### WHAT THE TASK ASKS
Excluding images, repeat the data exactly as given.

### DATA SEGMENT
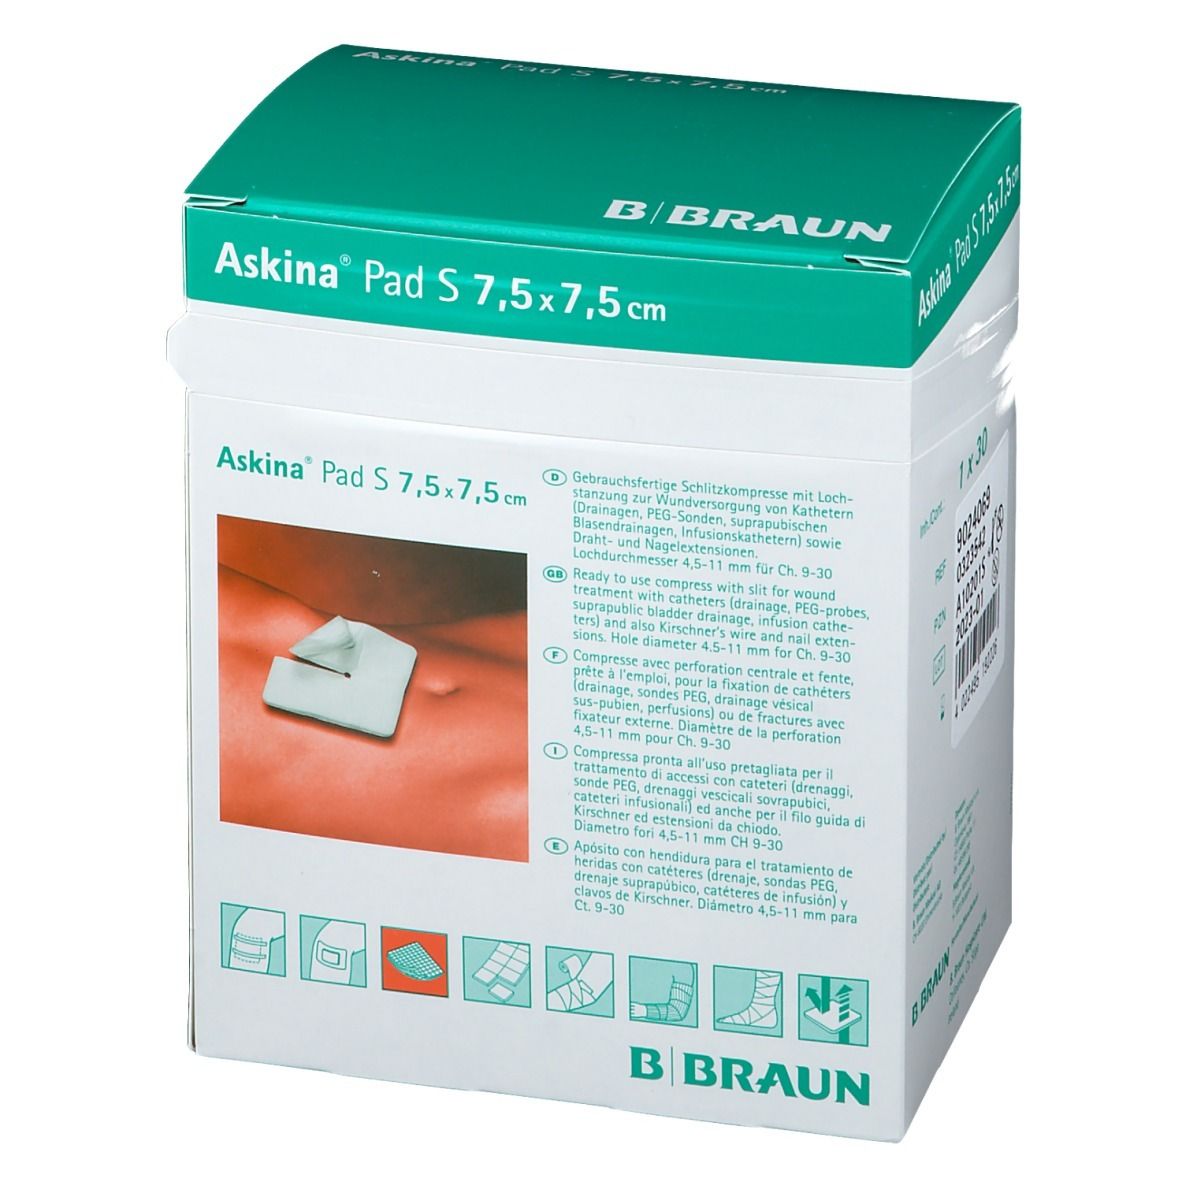 Askina® Pad S 7,5x7,5cm
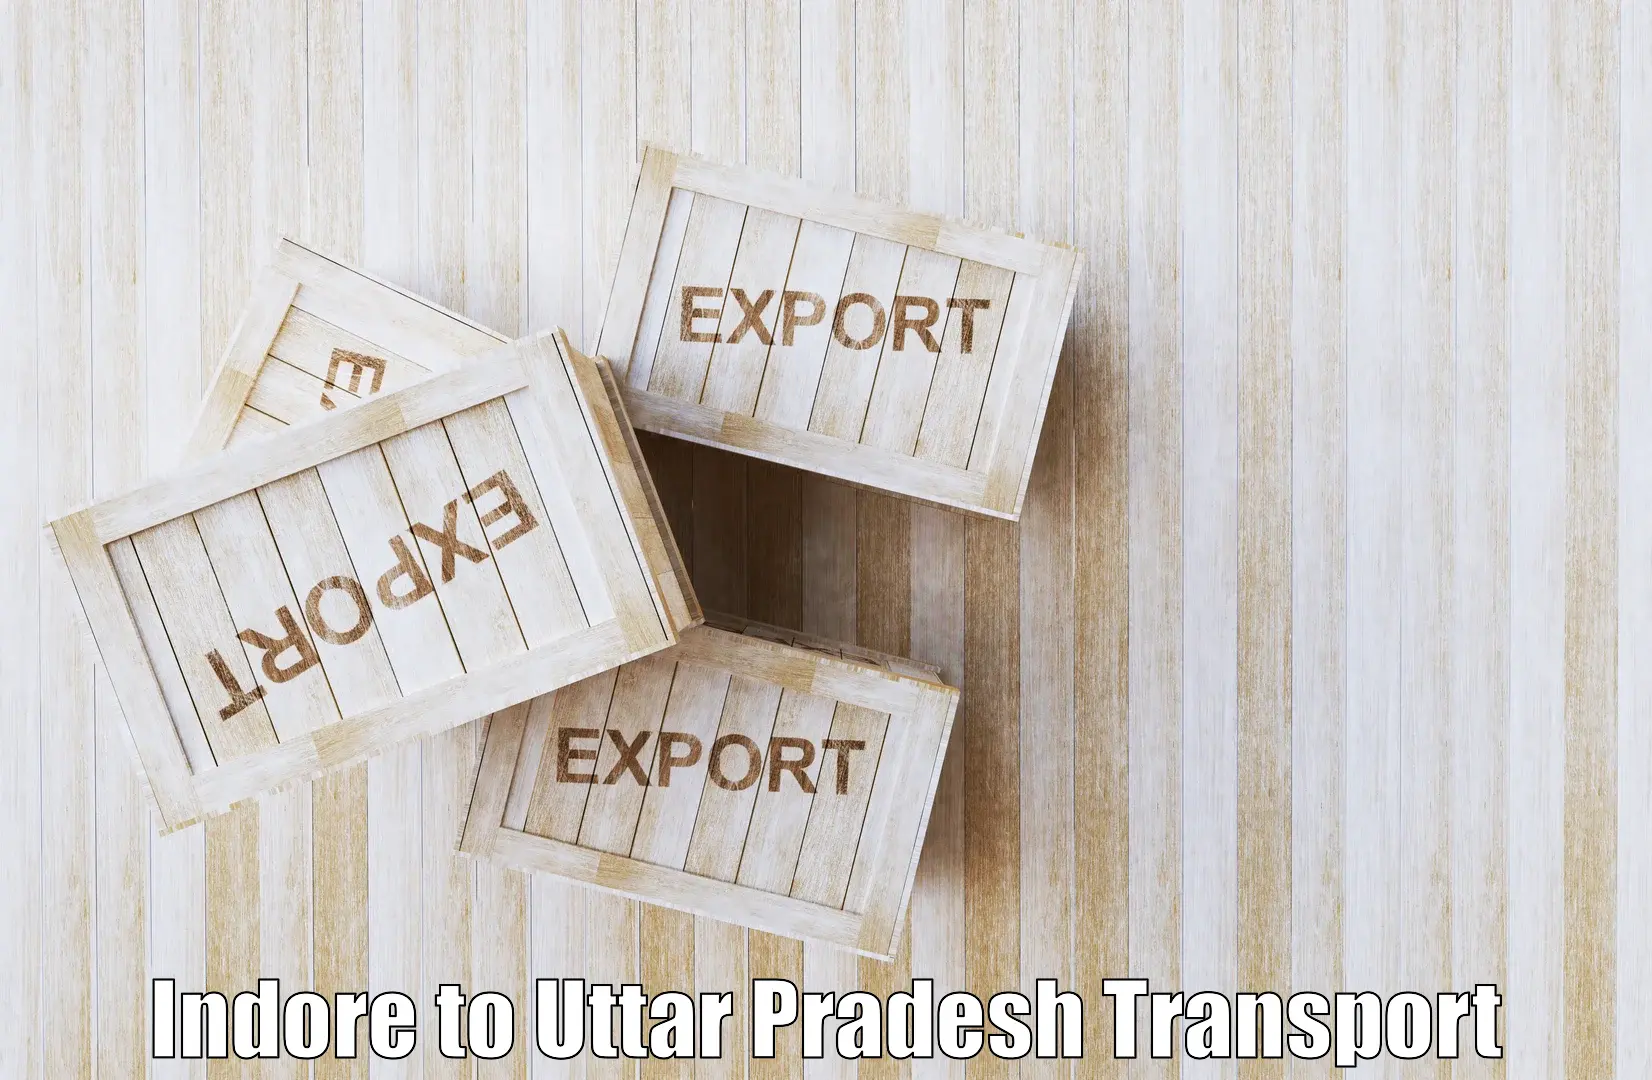 Cargo train transport services Indore to Dibai
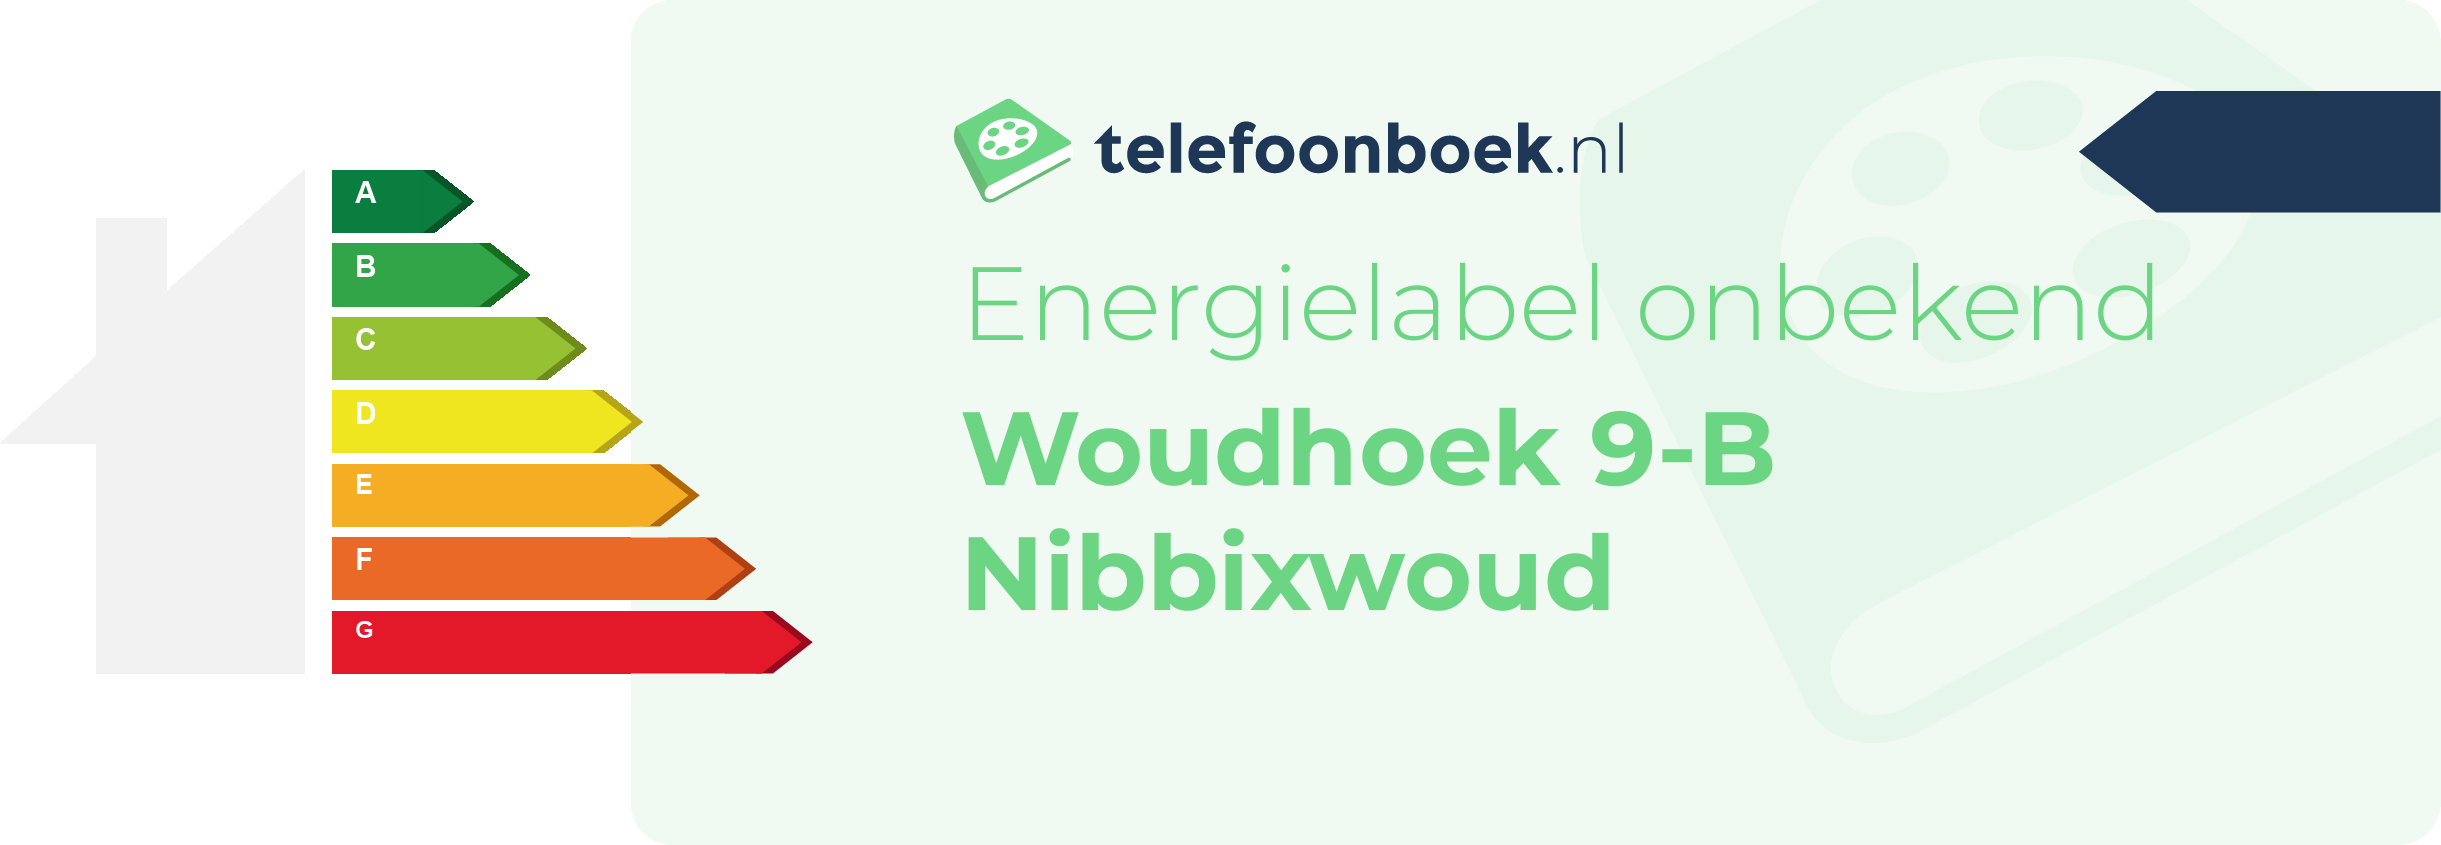 Energielabel Woudhoek 9-B Nibbixwoud

### OUTPUT FOR THIS EXERCISE
 Askina® Pad S 7,5x7,5cm
 Cargo train transport services Indore to Dibai
 Energielabel Woudhoek 9-B Nibbixwoud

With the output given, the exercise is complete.